I have had very informative and helpful discussions with the Minister responsible in another place and the usual extremely well thought-out discussions with the noble Baroness. It is with considerable sadness that I have to say to her that I am not convinced by the Government’s argument. First of all, it has only just become the Government’s argument. In opposition, the Conservative Party said that this was necessary because it was the only way in which more than 400,000 of Her Majesty’s subjects could properly be protected. If it were possible for the Government to explain to the House that in taking office there were circumstances of which they were unaware that changed their mind, then I would be happier.

However, that is not the argument that has been put forward. What has been suggested is that we need to have yet another investigation. As the noble and right reverend Lord, Lord Harries, rightly says, the investigation by the previous Government was not by some small, unimportant body without respect, but by exactly the people to whom one might turn to find that answer, and their answer was unequivocal. It seems difficult to suggest there should be yet another investigation unless there is a clear statement of what has changed since that one, what was missed out by that one or what the Government felt should further be looked at which had not been looked at. Yet that is not anywhere in the Government’s response.

I believe we have to look at this extremely carefully for a reason which will be perhaps more understood on these Benches than anywhere else. If there is one thing that really annoys people about immigration, it is when people bring to this country attitudes that are wholly contrary to the traditions of Britain. That is why people have reacted so firmly against the attempt, for example, to introduce Sharia law into this nation. Most people in Britain feel that we have a society that should be welcoming, but it should be welcoming on the terms of the tolerance that has been so much part of our history.

There are, after all, fewer Jews in this country than there are Dalits. They are wholly protected under the laws. There are fewer Sikhs in this country than there are Dalits, but they are wholly protected under the laws. Most people would say that there is no place for discrimination by caste in Britain. If there is no place for that discrimination, how can it be that all the other discriminations for which we think there are no place are covered by the law but this one alone is not?
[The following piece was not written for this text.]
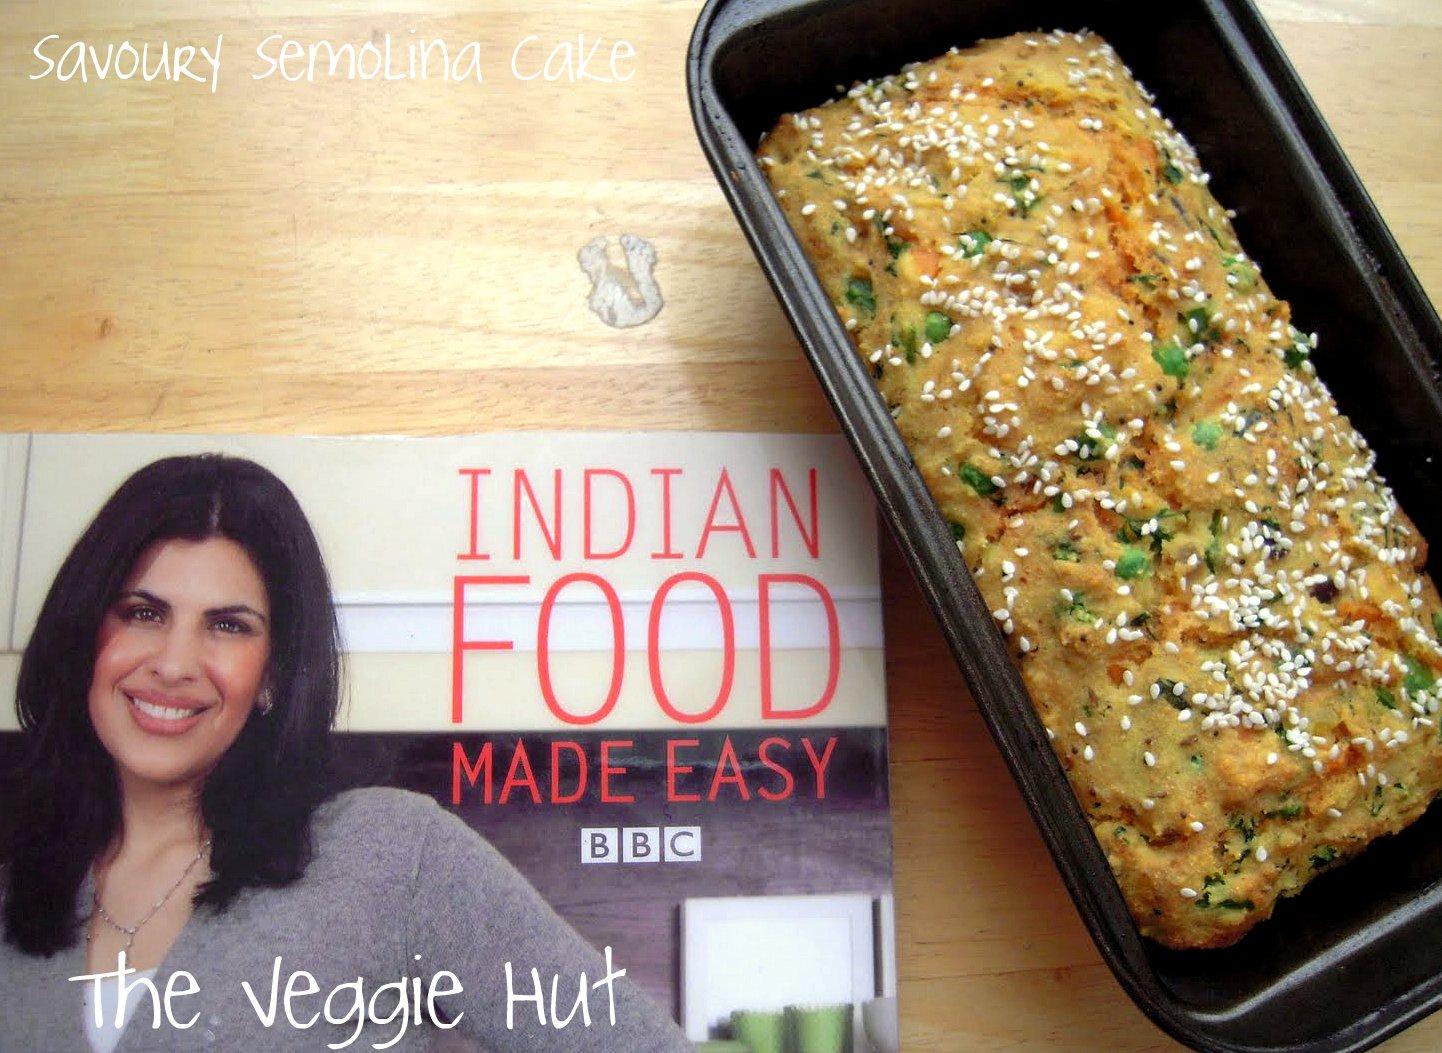 The veggie hut savoury semolina cake savoury semolina cake i tried this recipe from anjum anands book indian food made easy forumfinder Images
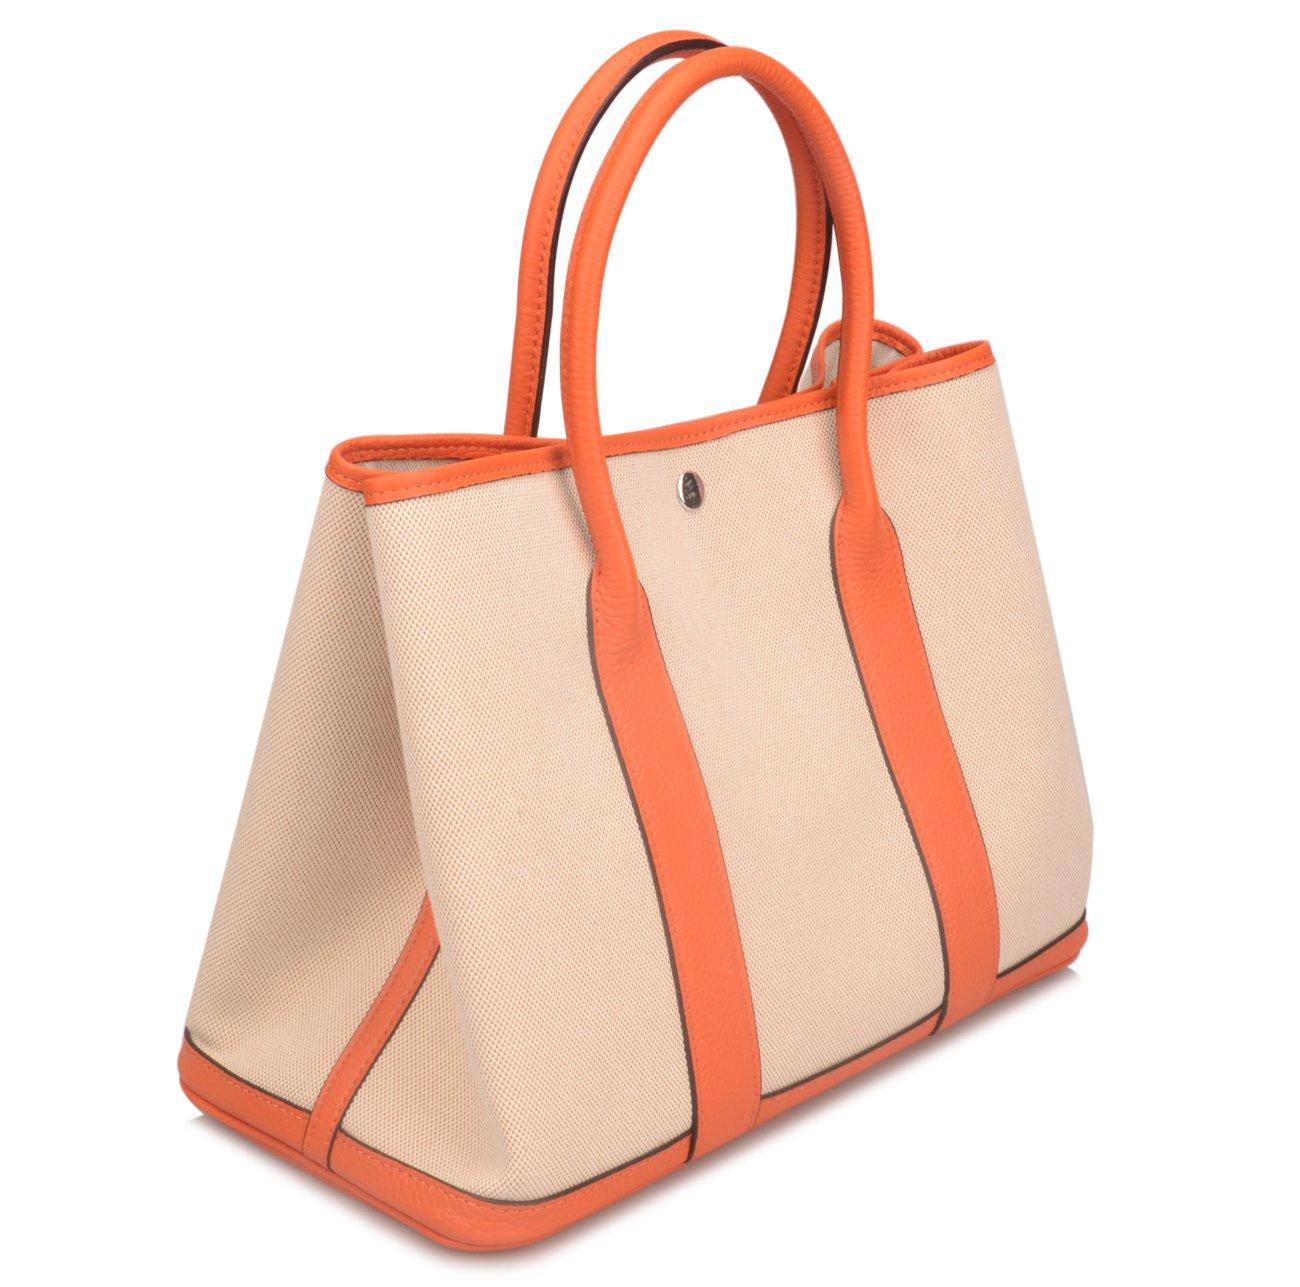 Ainifeel Women's Genuine Leather Top Handle Handbag Shopping Bag Tote Bag (Orange(leather+canvas))

I have to say to my noble friend that I find the arguments used deeply distressing because they go like this: first of all, that we do not know quite enough about it so let us have a further investigation. Frankly, having had the investigations up to now, if it turns out that there are no cases, what harm will have been done? We will have protected people and they will feel protected. If it turns out the investigation that took place under the previous Government was unnecessary and its findings were not true, then we have done no harm. However, if we leave it for another year—and I am told, with some authority, that we will have to wait only a year for a further investigation—we will have another year in which people have no recourse, and at the end of that we may still have no recourse, because there will not necessarily be a legislative opportunity for us to bring this home to the Government.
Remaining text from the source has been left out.